Each refinement contributed to an enhanced environment for blastocyst embryo development; more and better blastocysts to give the clinicians the confidence to transfer one blastocyst embryo. As results improved, continuous modifications of the number of embryos to transfer and the day of transfer criteria protocols were made with the potential goal of a mandatory single embryo transfer program (Table 1). Beginning in 2012, laboratory protocols were updated to implement a more aggressive blastocyst transfer strategy and any supernumerary cleavage stage embryos after day 3 embryo transfer were cultured to blastocyst stage for cryopreservation.  Blastocyst production rates became a key metric for the laboratory’s quality assurance plan and were analyzed to further execute an increase in the utilization of blastocyst transfer.  In combination with revised guidelines by ASRM on the number of embryos to transfer and their recommendation for the utilization of single embryo transfer (12, 16-18), embryologists were given guidance through the laboratory standard operating procedures to determine when a patient’s cycle should be extended to later stages of development.  Quarterly analyses of the percentage of blastocyst transfers as whole and by embryologist performing day 3 embryo grading provided information on the adherence to the extension of patients cycle to the blastocyst stage of development.  While most embryologists were comfortable with extending cycles for patients <35 with many good quality cleavage stage embryos, many were reluctant to extend patient cycles for older patients, patients with low quality cleavage stage embryos or fewer cleavage stage embryos.  This reluctance paired with the program’s high twin pregnancy rate necessitated the implementation in late 2013 of algorithmic forms to be used at the time of day 3 embryo grading to guide the embryologists in determining if a patient’s cleavage stage embryos qualified for extended culture. Additionally, continuous monitoring of the number of cleavage stage embryo transfers with supernumerary blastocysts for cryopreservation, blastocyst development rates, total cryopreservation rates and implantation rates validated the robustness of the laboratory’s culture system. 

As the percentage of blastocyst transfers increased, the HOM rate dropped progressively to zero but the twin rate (Figure 1) and the number of embryos transferred stayed above the national average (Figure 2) and the percentage of SET being performed (Figure 3) were below the national standards jeopardizing some of the program’s insurance contracts.  Starting in August 2016, embryologists were required to document on an ASRM embryo transfer guidelines compliance form that each transfer was prepared to comply with the current ASRM guidelines to decrease the number of embryos transferred (Figure 4).  Embryo transfers were prepared with the lowest number of embryos based on the ASRM guidelines unless the patient met the ASRM “unfavorable” standard.  The physicians presented the elective embryo transfer to the patient at the time of transfer and the transfer record was notated “eSET offered” whether patient accepted the ASRM guidelines or not.

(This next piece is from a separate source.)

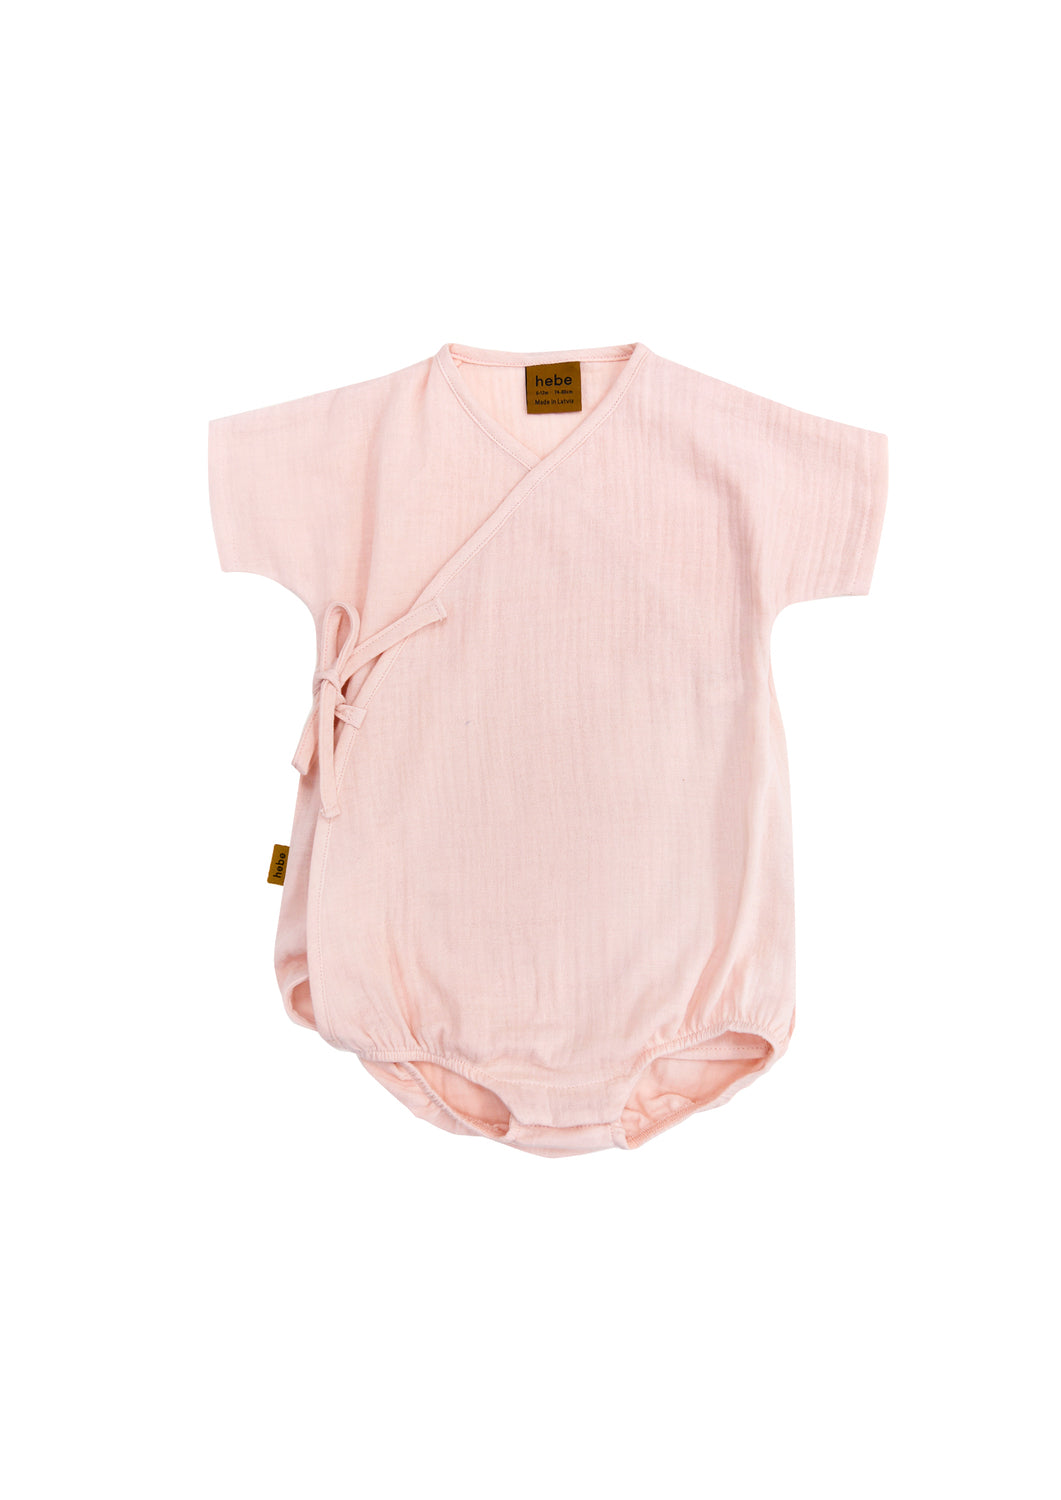 Shop the breathable pink muslin wrap body is perfect for summer weather. This baby girl romper can be adjusted for thingness and comes with snap bottom's at bottom for easy wear. This pink baby romper is made from muslin which is the perfect choice for baby clothing during summer. Shop the best baby clothing online.

Elective single embryo transfer (eSET) Mandatory single embryo transfer (maSET)

At the August 2017 clinical quality improvement meeting, the analysis of quality assurance metrics demonstrated consistently better implantation rates with FET than fresh transfers and blastocyst embryos in either transfer type.  A decision was made to transition to a freeze all program as well as the decision to move towards a mandatory single blastocyst embryo transfer for patients <41 and any patient utilizing PGT-A.  Data also illustrated that the increase in SET was in tandem with an increase in IR and not compromising patient outcomes (Figure 5).  Weekly review of blastocyst development rates, pregnancy outcomes, and implantation rates justified the rationale to incorporate mandatory blastocyst SET as standard of care in our program in February 2018. 

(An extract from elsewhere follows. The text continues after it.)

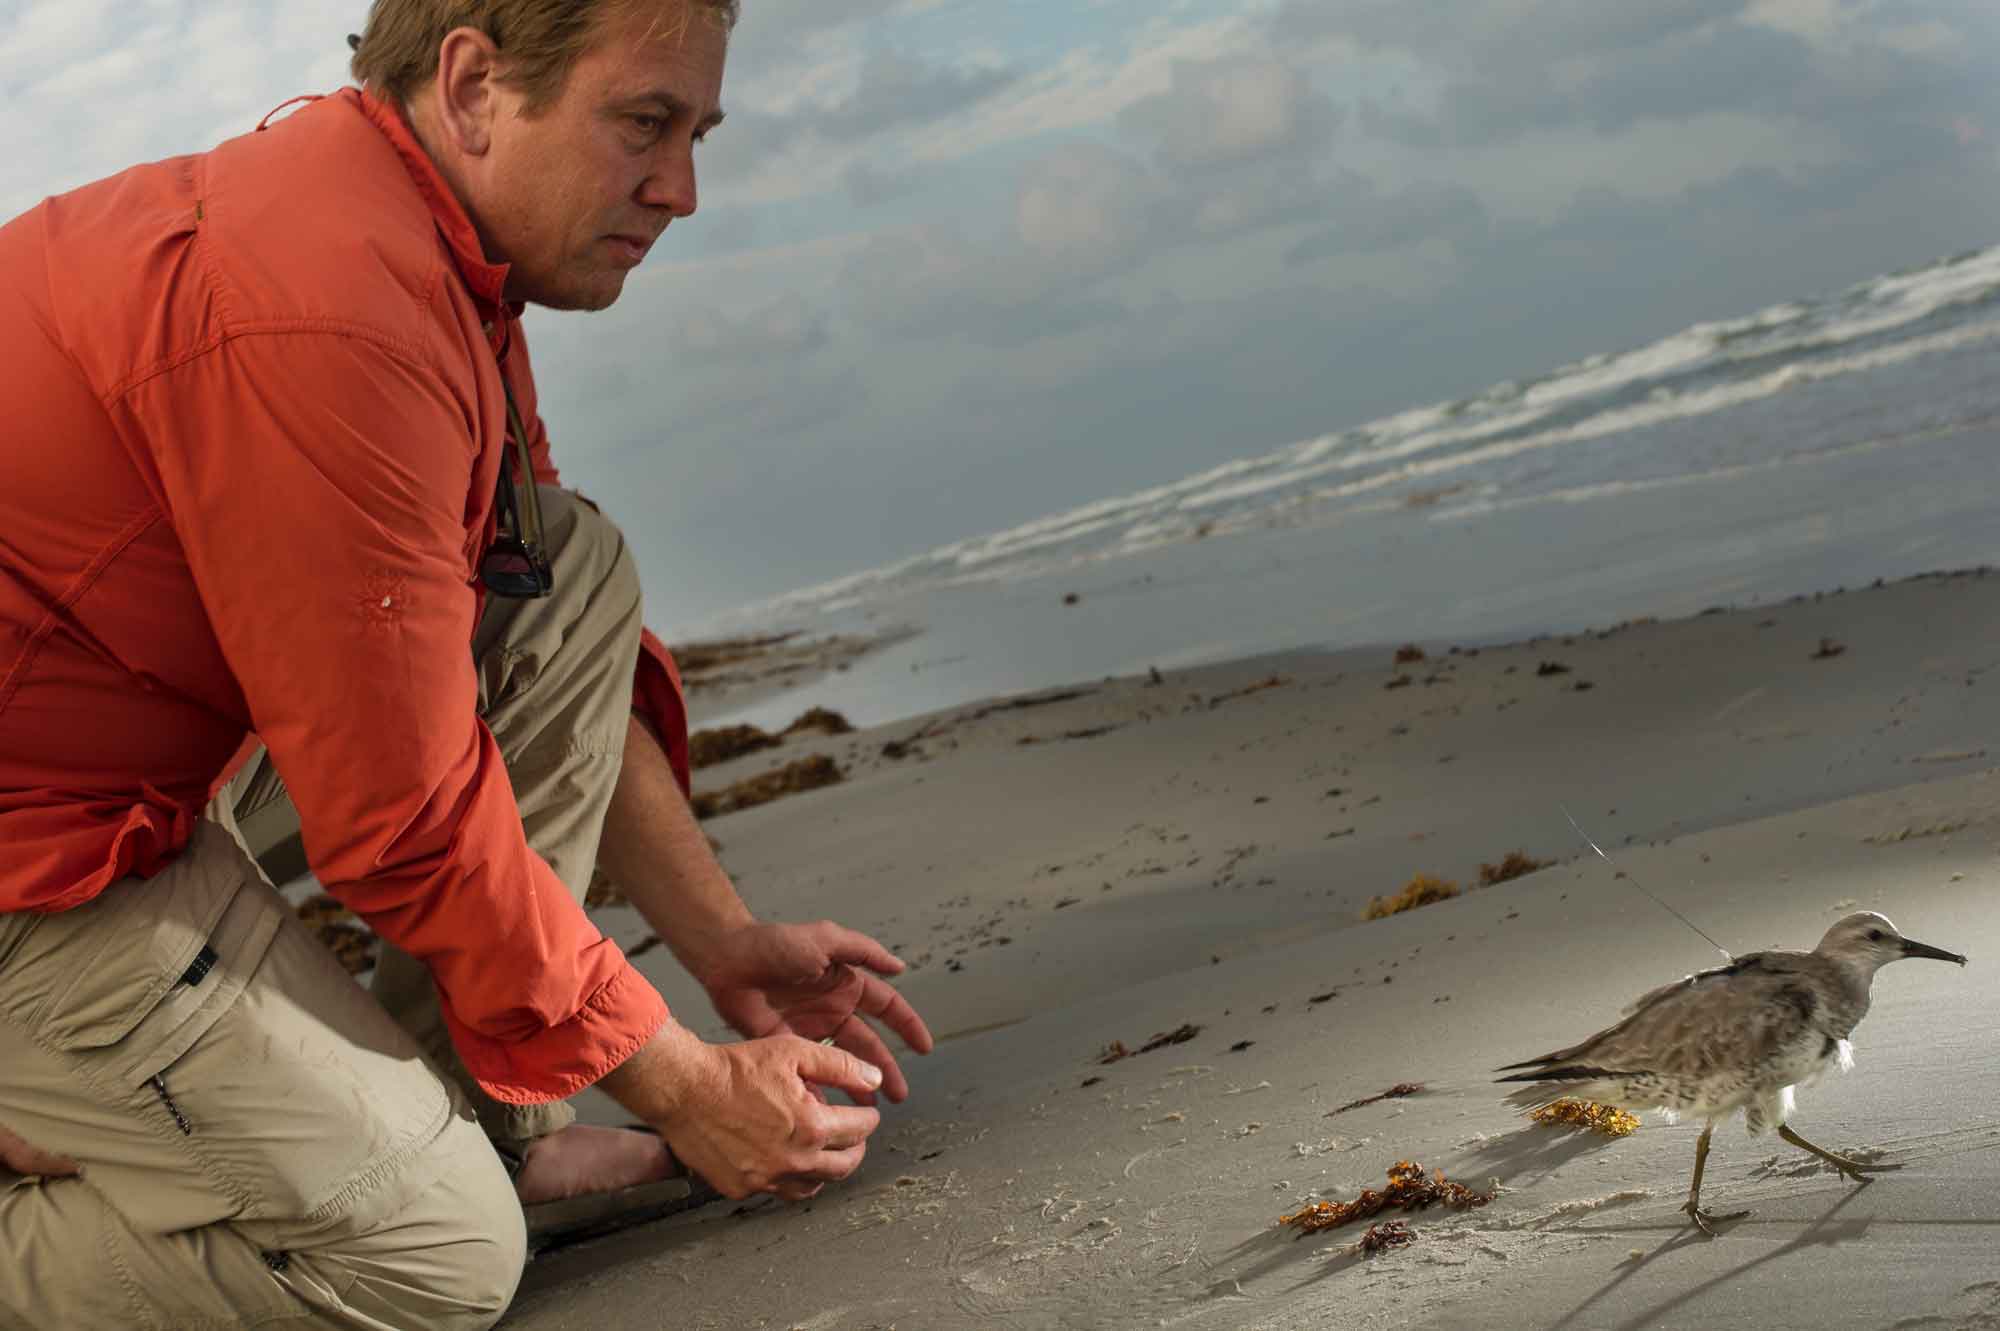 Peter Marra, '85, on shoreline releasing bird with tracking device back to the wild.

Historically, the biggest impediment to acceptance of SET has been a preference on the part of some patients for twin offspring. This has largely been a result of a desire to complete a family in as short a time as possible, an under-appreciation of the risks of multiple pregnancy and additional, unintended economic penalties for patients electing SET, if multiple cycles were required to achieve a successful pregnancy. This economic driver has largely been eliminated in countries offering IVF coverage with obligate SET. More recently, insurance companies in the US are requiring IVF patients to have SET performed using a variety of economic models to incentivize and penalize patients and providers to pursue SET. Several ART centers and their affiliates that provide financing now offer packages structured to eliminate some of the financial disincentives to pursuing SET and there is now evidence that patients are more likely to request SET when the financial model is more favorably aligned.

The essential steps for adoption of a mandatory SET program include universal commitment of the clinicians and laboratory associates followed by intensive and consistent staff and subsequent patient education. Concerns must be addressed in an open and engaging manner.

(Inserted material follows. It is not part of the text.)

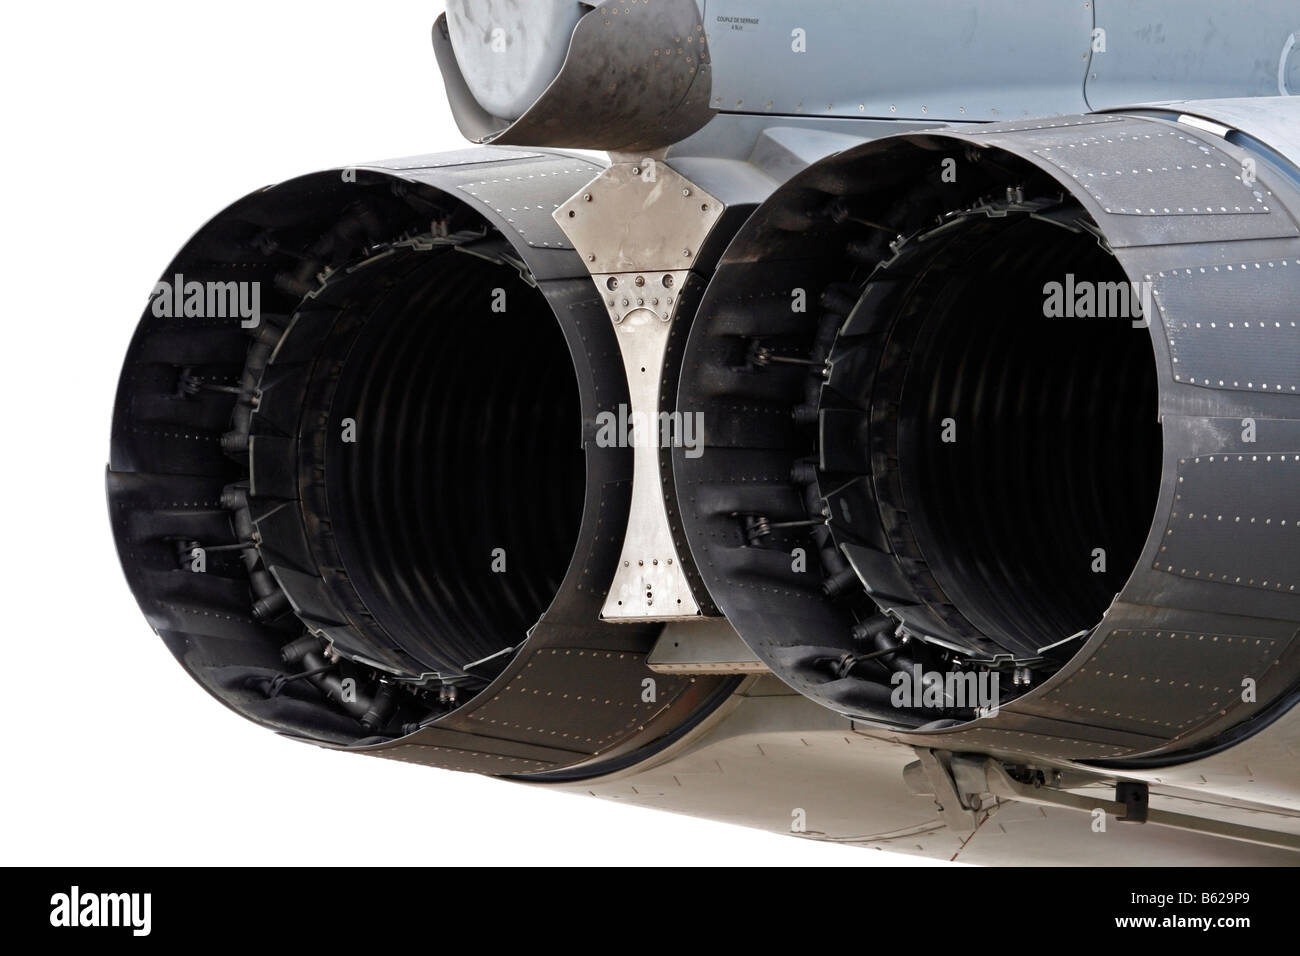 Engines, afterburners, fighter plane, military Stock Photo

At this phase of the evolution of ART there are still many unresolved questions particularly regarding embryo selection. Excellent results have been described with a variety of protocols.

We feel that the success of our program was in part, due to utilization of two still contentious strategies, a freeze all (blastocyst) protocol with subsequent FET and selective use of PGT-A. There are many moving parts to a successful ART program and suboptimal performance of any of them may profoundly impact results. We made a gradual, incremental transition from a program utilizing predominantly fresh cleavage stage embryos to our current model over about a six-year period after each modification was validated to improve outcome. The transition to all programmed cycles produced additional advantages in ease of patient and staff scheduling for transfers. Several studies have also confirmed that frozen embryo transfer is associated with babies having decreased risks of small for gestational age, low birth weight and preterm delivery but increased risks of large for gestational age and high birth weight and hypertensive pregnancy disorders (19).

PGT-A is also an operator dependent technology. At the time that we began recommending it for patients over 37 for embryo selection, we had preliminary evidence of improved IR.  These results were subsequently expanded and confirmed when we transitioned to our current model.

In summary, the key considerations for successful implementation of our program included:

  • Commitment from all of the physicians active in the program to institute mandatory SET
  • Intensive education of first the staff and then the patients regarding rationale for mandatory SET and anticipated results
  • Improved embryo culture and selection techniques
  • Optimization of IR which for our program included embryo culture until blastocyst development was achieved, cryopreservation of all blastocysts, selective use of PGT-A (>38 initially) and primary utilization of programmed cycles for FET.
  • Removing patient financial disincentives for SET
  • Requiring a majority vote of all physicians to make an exception to the mandatory SET policy
  • Patient and staff education


The authors would like to thank the clinical, financial and embryology laboratory staff for their commitment to the SET program and the highest level of patient care.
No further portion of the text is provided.